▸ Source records
--- START ---
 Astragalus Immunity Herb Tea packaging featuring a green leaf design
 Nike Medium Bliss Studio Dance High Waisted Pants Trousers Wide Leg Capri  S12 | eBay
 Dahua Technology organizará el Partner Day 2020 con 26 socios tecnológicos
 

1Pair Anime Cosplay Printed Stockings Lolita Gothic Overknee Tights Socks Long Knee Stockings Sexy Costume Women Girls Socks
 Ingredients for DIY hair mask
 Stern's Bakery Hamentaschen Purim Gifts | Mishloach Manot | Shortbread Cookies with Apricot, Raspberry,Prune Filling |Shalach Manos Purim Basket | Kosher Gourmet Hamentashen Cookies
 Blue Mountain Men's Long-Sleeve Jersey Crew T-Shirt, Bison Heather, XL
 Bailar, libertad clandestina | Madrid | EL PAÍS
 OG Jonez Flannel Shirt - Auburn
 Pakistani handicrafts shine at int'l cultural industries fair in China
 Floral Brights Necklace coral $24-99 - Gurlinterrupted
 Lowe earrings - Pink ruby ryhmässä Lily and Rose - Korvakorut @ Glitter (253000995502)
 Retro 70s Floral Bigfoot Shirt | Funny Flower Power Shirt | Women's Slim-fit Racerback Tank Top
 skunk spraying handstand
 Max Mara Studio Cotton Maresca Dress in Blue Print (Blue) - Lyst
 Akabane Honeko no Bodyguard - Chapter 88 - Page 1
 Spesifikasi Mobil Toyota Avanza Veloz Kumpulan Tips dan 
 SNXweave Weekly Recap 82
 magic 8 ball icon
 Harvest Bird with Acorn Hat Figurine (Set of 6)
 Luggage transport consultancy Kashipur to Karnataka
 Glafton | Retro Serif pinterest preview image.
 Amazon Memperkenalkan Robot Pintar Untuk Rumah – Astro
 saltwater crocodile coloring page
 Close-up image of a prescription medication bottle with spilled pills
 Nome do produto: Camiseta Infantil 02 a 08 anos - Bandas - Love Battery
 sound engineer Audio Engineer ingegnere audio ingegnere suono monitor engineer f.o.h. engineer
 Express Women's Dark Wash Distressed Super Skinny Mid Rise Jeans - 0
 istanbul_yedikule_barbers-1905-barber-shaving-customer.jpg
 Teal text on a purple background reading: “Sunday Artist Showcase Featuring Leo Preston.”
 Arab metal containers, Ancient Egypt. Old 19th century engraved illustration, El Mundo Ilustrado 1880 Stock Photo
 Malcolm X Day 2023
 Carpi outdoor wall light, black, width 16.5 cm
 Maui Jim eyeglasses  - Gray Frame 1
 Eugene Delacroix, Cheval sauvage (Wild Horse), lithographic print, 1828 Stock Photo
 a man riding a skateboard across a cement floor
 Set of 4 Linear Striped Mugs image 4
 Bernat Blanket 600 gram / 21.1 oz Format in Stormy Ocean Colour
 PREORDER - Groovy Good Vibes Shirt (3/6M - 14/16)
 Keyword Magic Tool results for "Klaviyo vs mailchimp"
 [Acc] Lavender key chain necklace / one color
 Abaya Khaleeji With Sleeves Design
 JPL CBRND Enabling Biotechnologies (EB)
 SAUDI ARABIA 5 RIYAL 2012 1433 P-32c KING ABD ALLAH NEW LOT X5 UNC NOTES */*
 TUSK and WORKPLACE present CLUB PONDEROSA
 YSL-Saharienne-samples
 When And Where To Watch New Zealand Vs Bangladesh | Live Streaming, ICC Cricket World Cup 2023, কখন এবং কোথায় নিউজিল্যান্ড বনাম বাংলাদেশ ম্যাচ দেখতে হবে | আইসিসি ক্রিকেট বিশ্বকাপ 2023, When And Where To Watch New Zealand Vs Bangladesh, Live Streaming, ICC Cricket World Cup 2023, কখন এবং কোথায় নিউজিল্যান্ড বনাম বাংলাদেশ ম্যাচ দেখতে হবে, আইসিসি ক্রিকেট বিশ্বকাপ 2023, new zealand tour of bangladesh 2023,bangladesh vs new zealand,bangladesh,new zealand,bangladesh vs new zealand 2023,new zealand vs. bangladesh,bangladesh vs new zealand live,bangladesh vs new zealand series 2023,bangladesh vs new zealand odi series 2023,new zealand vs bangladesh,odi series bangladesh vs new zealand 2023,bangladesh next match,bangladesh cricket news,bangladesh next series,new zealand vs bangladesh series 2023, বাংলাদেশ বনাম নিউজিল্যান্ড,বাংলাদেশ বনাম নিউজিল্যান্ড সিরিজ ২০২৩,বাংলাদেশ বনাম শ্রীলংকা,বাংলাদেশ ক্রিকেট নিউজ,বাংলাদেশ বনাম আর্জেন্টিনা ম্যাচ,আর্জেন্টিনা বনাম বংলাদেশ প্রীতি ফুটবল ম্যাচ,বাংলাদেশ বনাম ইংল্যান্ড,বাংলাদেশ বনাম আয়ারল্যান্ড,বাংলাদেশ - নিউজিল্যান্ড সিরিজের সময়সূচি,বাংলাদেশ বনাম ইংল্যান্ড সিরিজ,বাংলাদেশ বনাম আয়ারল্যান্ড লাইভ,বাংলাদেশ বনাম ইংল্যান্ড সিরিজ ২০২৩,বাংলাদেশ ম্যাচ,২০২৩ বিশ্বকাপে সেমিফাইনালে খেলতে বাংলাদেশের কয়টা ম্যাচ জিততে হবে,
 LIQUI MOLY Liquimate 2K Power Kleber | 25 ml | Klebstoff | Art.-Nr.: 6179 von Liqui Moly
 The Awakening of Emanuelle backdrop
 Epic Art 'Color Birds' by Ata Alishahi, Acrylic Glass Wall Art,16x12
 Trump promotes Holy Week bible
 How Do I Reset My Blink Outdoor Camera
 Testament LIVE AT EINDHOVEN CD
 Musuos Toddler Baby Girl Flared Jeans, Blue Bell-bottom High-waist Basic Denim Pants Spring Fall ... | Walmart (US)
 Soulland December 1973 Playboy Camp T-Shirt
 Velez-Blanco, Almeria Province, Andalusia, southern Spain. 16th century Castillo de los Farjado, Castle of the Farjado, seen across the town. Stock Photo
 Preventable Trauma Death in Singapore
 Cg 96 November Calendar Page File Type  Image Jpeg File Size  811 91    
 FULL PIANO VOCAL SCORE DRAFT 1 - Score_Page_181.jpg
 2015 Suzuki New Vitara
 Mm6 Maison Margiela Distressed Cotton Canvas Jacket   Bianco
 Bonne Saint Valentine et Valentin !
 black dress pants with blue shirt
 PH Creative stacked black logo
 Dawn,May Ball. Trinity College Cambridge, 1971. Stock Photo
--- END ---
▸ Required action
Would you print all of the records exactly as they were given?

▸ Response for this exercise
 Astragalus Immunity Herb Tea packaging featuring a green leaf design
 Nike Medium Bliss Studio Dance High Waisted Pants Trousers Wide Leg Capri  S12 | eBay
 Dahua Technology organizará el Partner Day 2020 con 26 socios tecnológicos
 

1Pair Anime Cosplay Printed Stockings Lolita Gothic Overknee Tights Socks Long Knee Stockings Sexy Costume Women Girls Socks
 Ingredients for DIY hair mask
 Stern's Bakery Hamentaschen Purim Gifts | Mishloach Manot | Shortbread Cookies with Apricot, Raspberry,Prune Filling |Shalach Manos Purim Basket | Kosher Gourmet Hamentashen Cookies
 Blue Mountain Men's Long-Sleeve Jersey Crew T-Shirt, Bison Heather, XL
 Bailar, libertad clandestina | Madrid | EL PAÍS
 OG Jonez Flannel Shirt - Auburn
 Pakistani handicrafts shine at int'l cultural industries fair in China
 Floral Brights Necklace coral $24-99 - Gurlinterrupted
 Lowe earrings - Pink ruby ryhmässä Lily and Rose - Korvakorut @ Glitter (253000995502)
 Retro 70s Floral Bigfoot Shirt | Funny Flower Power Shirt | Women's Slim-fit Racerback Tank Top
 skunk spraying handstand
 Max Mara Studio Cotton Maresca Dress in Blue Print (Blue) - Lyst
 Akabane Honeko no Bodyguard - Chapter 88 - Page 1
 Spesifikasi Mobil Toyota Avanza Veloz Kumpulan Tips dan 
 SNXweave Weekly Recap 82
 magic 8 ball icon
 Harvest Bird with Acorn Hat Figurine (Set of 6)
 Luggage transport consultancy Kashipur to Karnataka
 Glafton | Retro Serif pinterest preview image.
 Amazon Memperkenalkan Robot Pintar Untuk Rumah – Astro
 saltwater crocodile coloring page
 Close-up image of a prescription medication bottle with spilled pills
 Nome do produto: Camiseta Infantil 02 a 08 anos - Bandas - Love Battery
 sound engineer Audio Engineer ingegnere audio ingegnere suono monitor engineer f.o.h. engineer
 Express Women's Dark Wash Distressed Super Skinny Mid Rise Jeans - 0
 istanbul_yedikule_barbers-1905-barber-shaving-customer.jpg
 Teal text on a purple background reading: “Sunday Artist Showcase Featuring Leo Preston.”
 Arab metal containers, Ancient Egypt. Old 19th century engraved illustration, El Mundo Ilustrado 1880 Stock Photo
 Malcolm X Day 2023
 Carpi outdoor wall light, black, width 16.5 cm
 Maui Jim eyeglasses  - Gray Frame 1
 Eugene Delacroix, Cheval sauvage (Wild Horse), lithographic print, 1828 Stock Photo
 a man riding a skateboard across a cement floor
 Set of 4 Linear Striped Mugs image 4
 Bernat Blanket 600 gram / 21.1 oz Format in Stormy Ocean Colour
 PREORDER - Groovy Good Vibes Shirt (3/6M - 14/16)
 Keyword Magic Tool results for "Klaviyo vs mailchimp"
 [Acc] Lavender key chain necklace / one color
 Abaya Khaleeji With Sleeves Design
 JPL CBRND Enabling Biotechnologies (EB)
 SAUDI ARABIA 5 RIYAL 2012 1433 P-32c KING ABD ALLAH NEW LOT X5 UNC NOTES */*
 TUSK and WORKPLACE present CLUB PONDEROSA
 YSL-Saharienne-samples
 When And Where To Watch New Zealand Vs Bangladesh | Live Streaming, ICC Cricket World Cup 2023, কখন এবং কোথায় নিউজিল্যান্ড বনাম বাংলাদেশ ম্যাচ দেখতে হবে | আইসিসি ক্রিকেট বিশ্বকাপ 2023, When And Where To Watch New Zealand Vs Bangladesh, Live Streaming, ICC Cricket World Cup 2023, কখন এবং কোথায় নিউজিল্যান্ড বনাম বাংলাদেশ ম্যাচ দেখতে হবে, আইসিসি ক্রিকেট বিশ্বকাপ 2023, new zealand tour of bangladesh 2023,bangladesh vs new zealand,bangladesh,new zealand,bangladesh vs new zealand 2023,new zealand vs. bangladesh,bangladesh vs new zealand live,bangladesh vs new zealand series 2023,bangladesh vs new zealand odi series 2023,new zealand vs bangladesh,odi series bangladesh vs new zealand 2023,bangladesh next match,bangladesh cricket news,bangladesh next series,new zealand vs bangladesh series 2023, বাংলাদেশ বনাম নিউজিল্যান্ড,বাংলাদেশ বনাম নিউজিল্যান্ড সিরিজ ২০২৩,বাংলাদেশ বনাম শ্রীলংকা,বাংলাদেশ ক্রিকেট নিউজ,বাংলাদেশ বনাম আর্জেন্টিনা ম্যাচ,আর্জেন্টিনা বনাম বংলাদেশ প্রীতি ফুটবল ম্যাচ,বাংলাদেশ বনাম ইংল্যান্ড,বাংলাদেশ বনাম আয়ারল্যান্ড,বাংলাদেশ - নিউজিল্যান্ড সিরিজের সময়সূচি,বাংলাদেশ বনাম ইংল্যান্ড সিরিজ,বাংলাদেশ বনাম আয়ারল্যান্ড লাইভ,বাংলাদেশ বনাম ইংল্যান্ড সিরিজ ২০২৩,বাংলাদেশ ম্যাচ,২০২৩ বিশ্বকাপে সেমিফাইনালে খেলতে বাংলাদেশের কয়টা ম্যাচ জিততে হবে,
 LIQUI MOLY Liquimate 2K Power Kleber | 25 ml | Klebstoff | Art.-Nr.: 6179 von Liqui Moly
 The Awakening of Emanuelle backdrop
 Epic Art 'Color Birds' by Ata Alishahi, Acrylic Glass Wall Art,16x12
 Trump promotes Holy Week bible
 How Do I Reset My Blink Outdoor Camera
 Testament LIVE AT EINDHOVEN CD
 Musuos Toddler Baby Girl Flared Jeans, Blue Bell-bottom High-waist Basic Denim Pants Spring Fall ... | Walmart (US)
 Soulland December 1973 Playboy Camp T-Shirt
 Velez-Blanco, Almeria Province, Andalusia, southern Spain. 16th century Castillo de los Farjado, Castle of the Farjado, seen across the town. Stock Photo
 Preventable Trauma Death in Singapore
 Cg 96 November Calendar Page File Type  Image Jpeg File Size  811 91    
 FULL PIANO VOCAL SCORE DRAFT 1 - Score_Page_181.jpg
 2015 Suzuki New Vitara
 Mm6 Maison Margiela Distressed Cotton Canvas Jacket   Bianco
 Bonne Saint Valentine et Valentin !
 black dress pants with blue shirt
 PH Creative stacked black logo
 Dawn,May Ball. Trinity College Cambridge, 1971. Stock Photo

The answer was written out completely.